Four Values of Information

Copyright 2016 by Paul Connelly

Related articles:
What Is Religion? A Definition
Why Do Religions Persist?
Premodern, Modern, and Postmodern Eras


Is It True?

The brave hobbit Frodo brought the magical ring of the evil Sauron into the heart of Sauron's blighted realm, Mordor, and there cast it into a volcano, destroying Sauron's power forever.

True or false?

The lack of context for the preceding two paragraphs may be vexatious to some, while others are likely to find the subject trivial and annoying. Let's pretend I put quotation marks around both paragraphs, to mitigate the first problem very slightly.

Then we can assume it's two people speaking.
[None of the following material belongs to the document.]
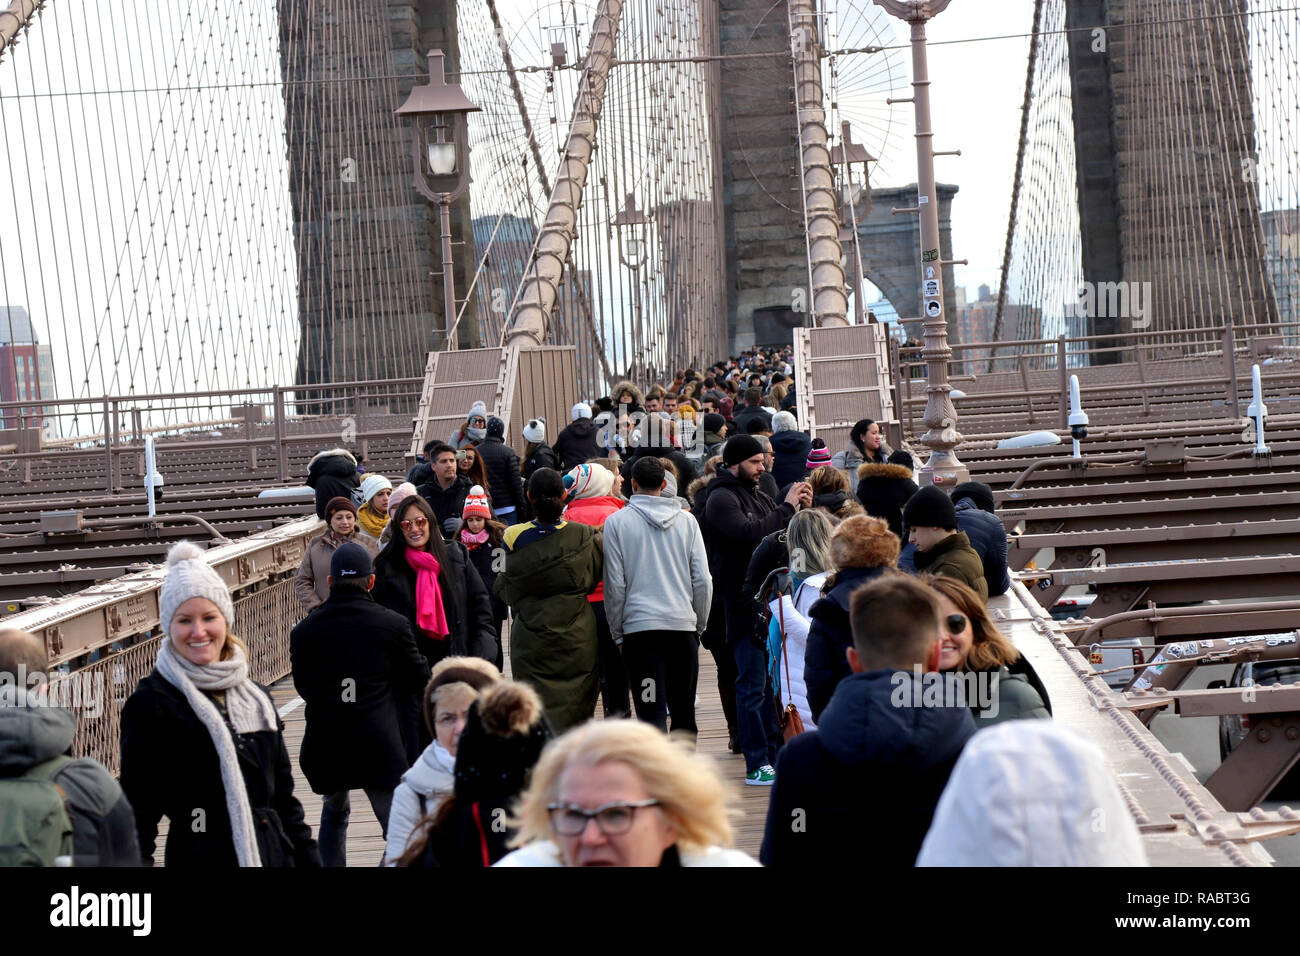 New York, NY, STATI UNITI D'AMERICA. 3rd. Jan, 2019. Il celeberrimo Ponte di Brooklyn è stato parzialmente chiuso il 31 dicembre, 2018. Il ponte che collega Brooklyn e Manhattan oltre l'East River, normalmente vede 10.000 pedoni e ciclisti 5.000 al giorno, era così affollato che le autorità della città sceglie di chiudere la passerella oltre le preoccupazioni per la sicurezza che richiede alcuni Newyorkesi per scherzo che forse è giunto il momento di imporre un canone di accesso. Viene mostrato il traffico sul ponte il 3 gennaio, 2019.© 2019 G. Ronald Lopez/DigiPixsAgain.us/Alamy Live News Foto Stock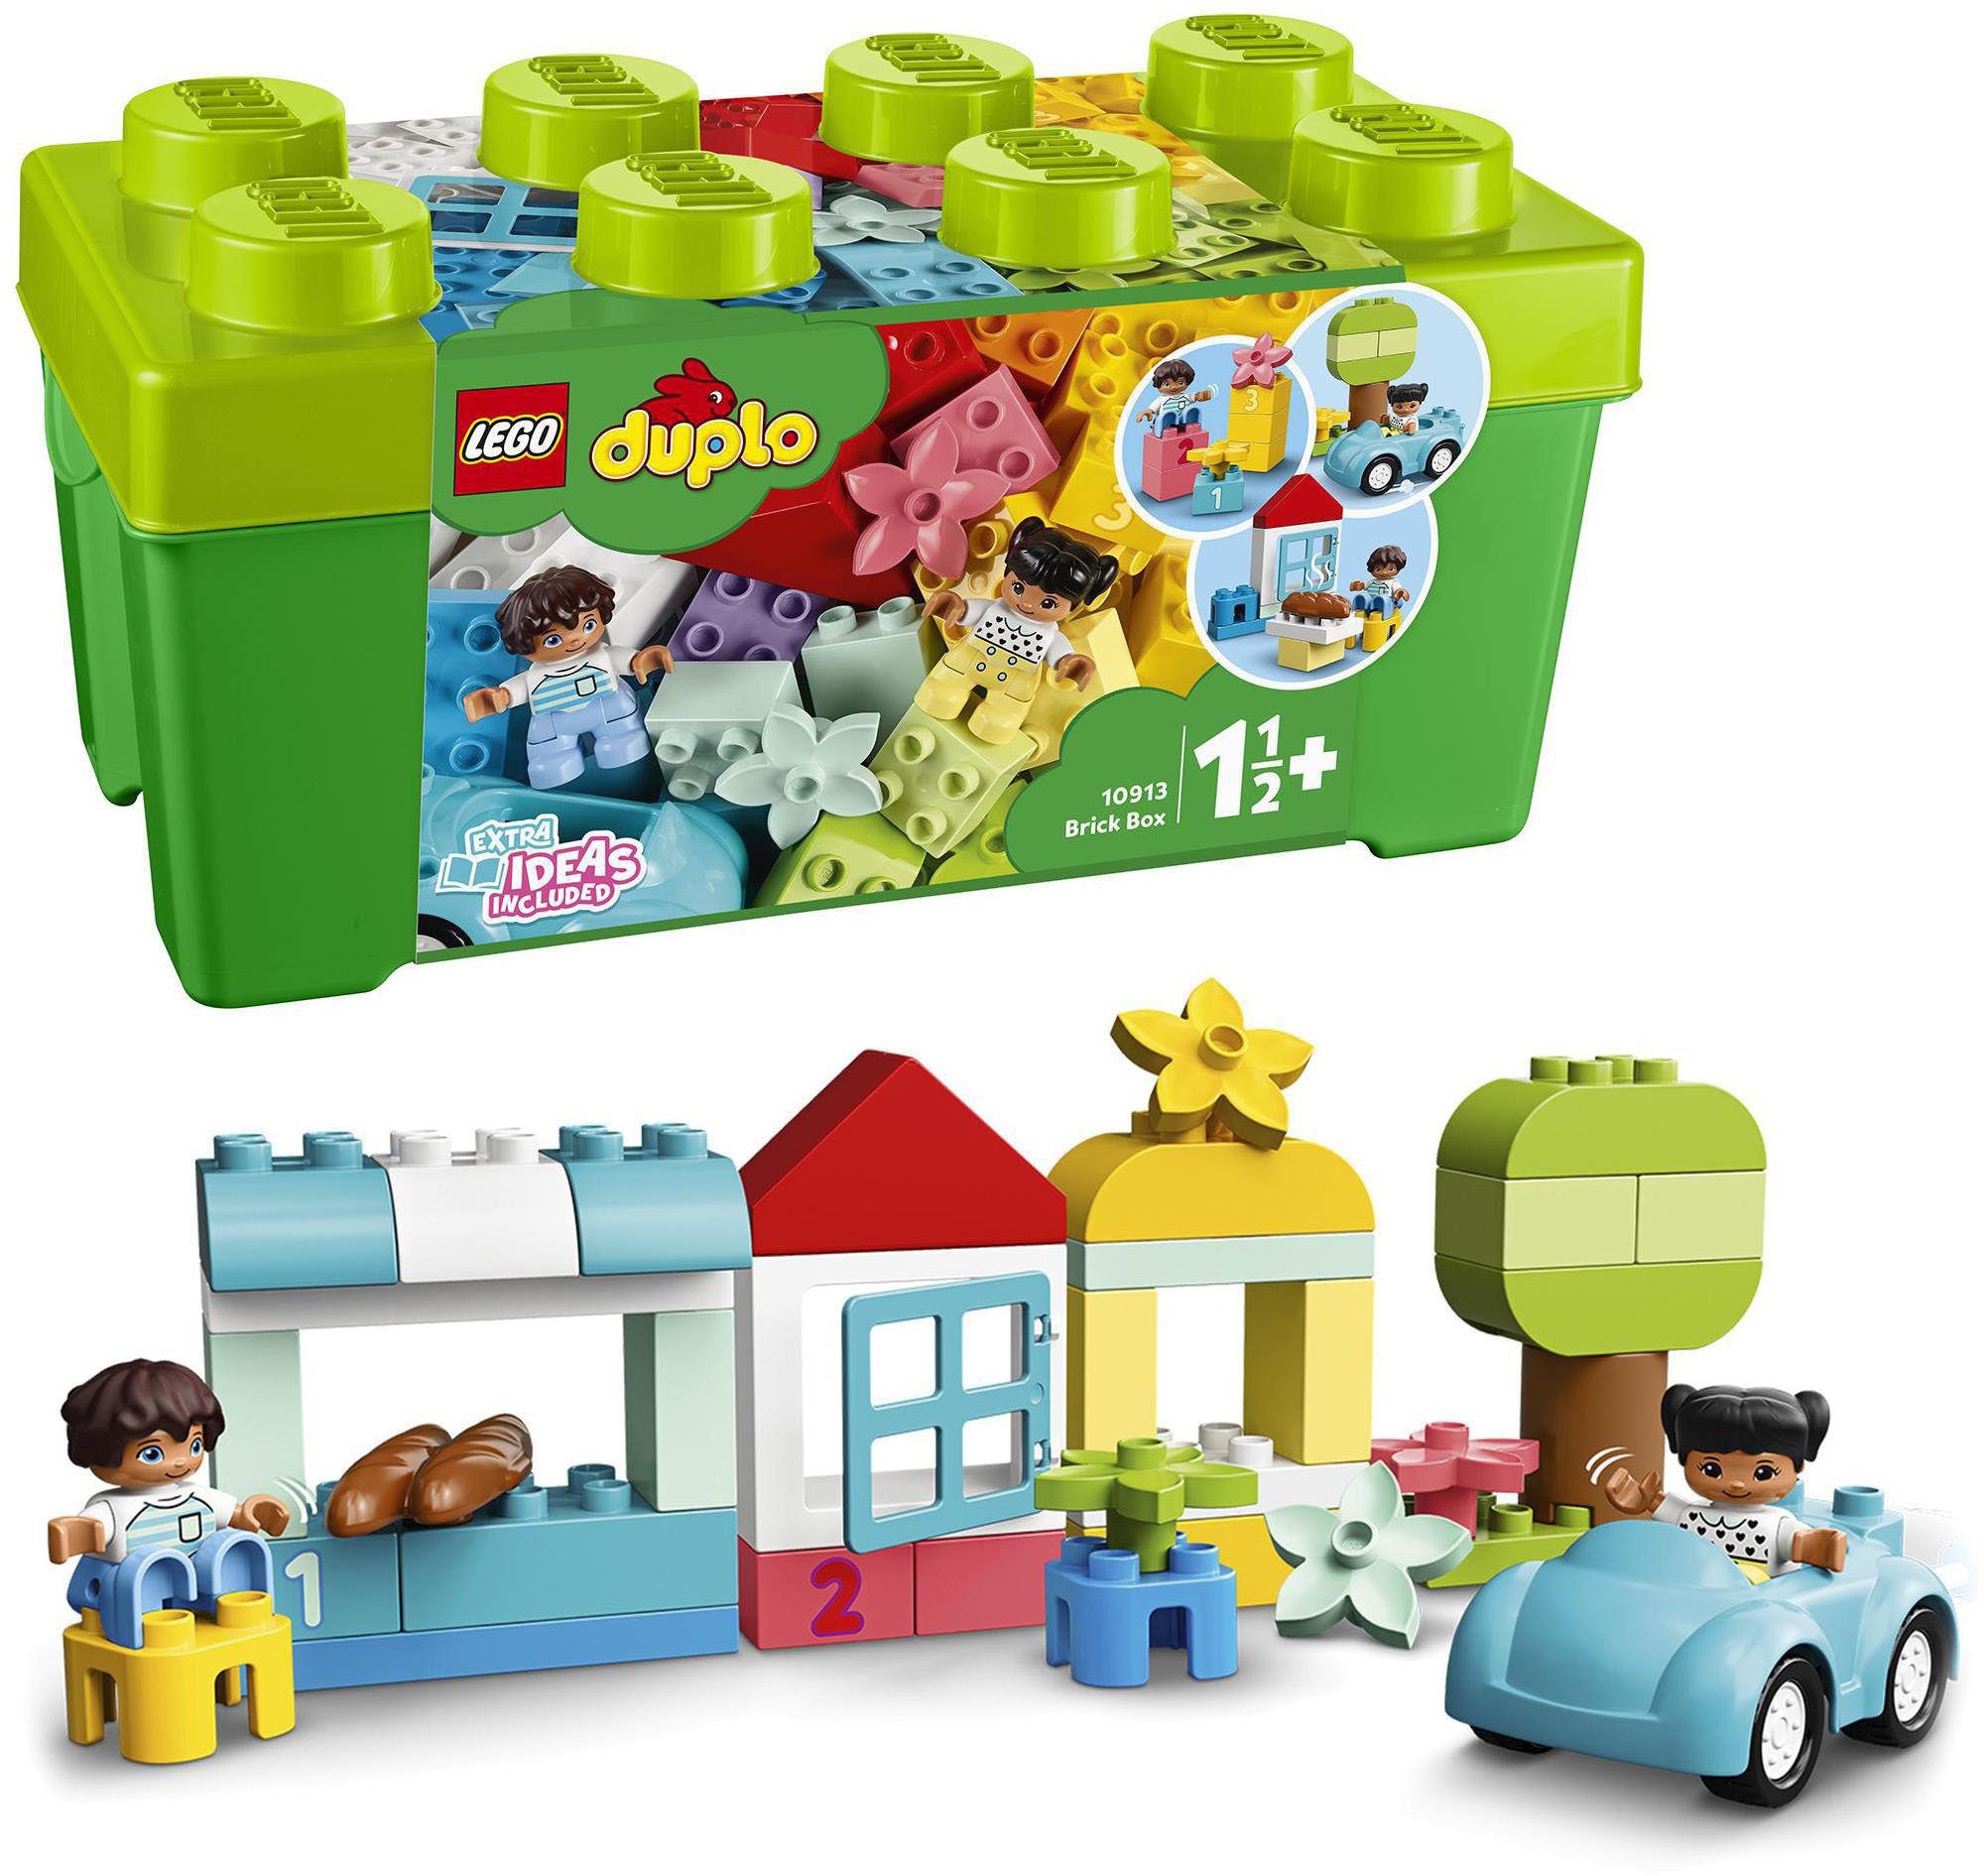 Günstiges LEGO Spielzeug online kaufen » LEGO Shop | OTTO

At which point maybe a third person can chime in, properly irritated and a bit condescending, “Of course it's false, because Frodo and hobbits only exist in fiction, and fiction is false by definition.”

From past experience we likely know that any argument with “by definition” in it is supposed to foreclose all further discussion by fiat. But a fourth person, tone-deaf to this nuance, interjects, “Fiction has truthful statements that can be made about it in its own context. The problem with the original statement is that's it's not even true about a fictional context, because Frodo does not in fact cast the ring into the volcano and destroy it, although that was what he set out to do in Tolkien's epic.”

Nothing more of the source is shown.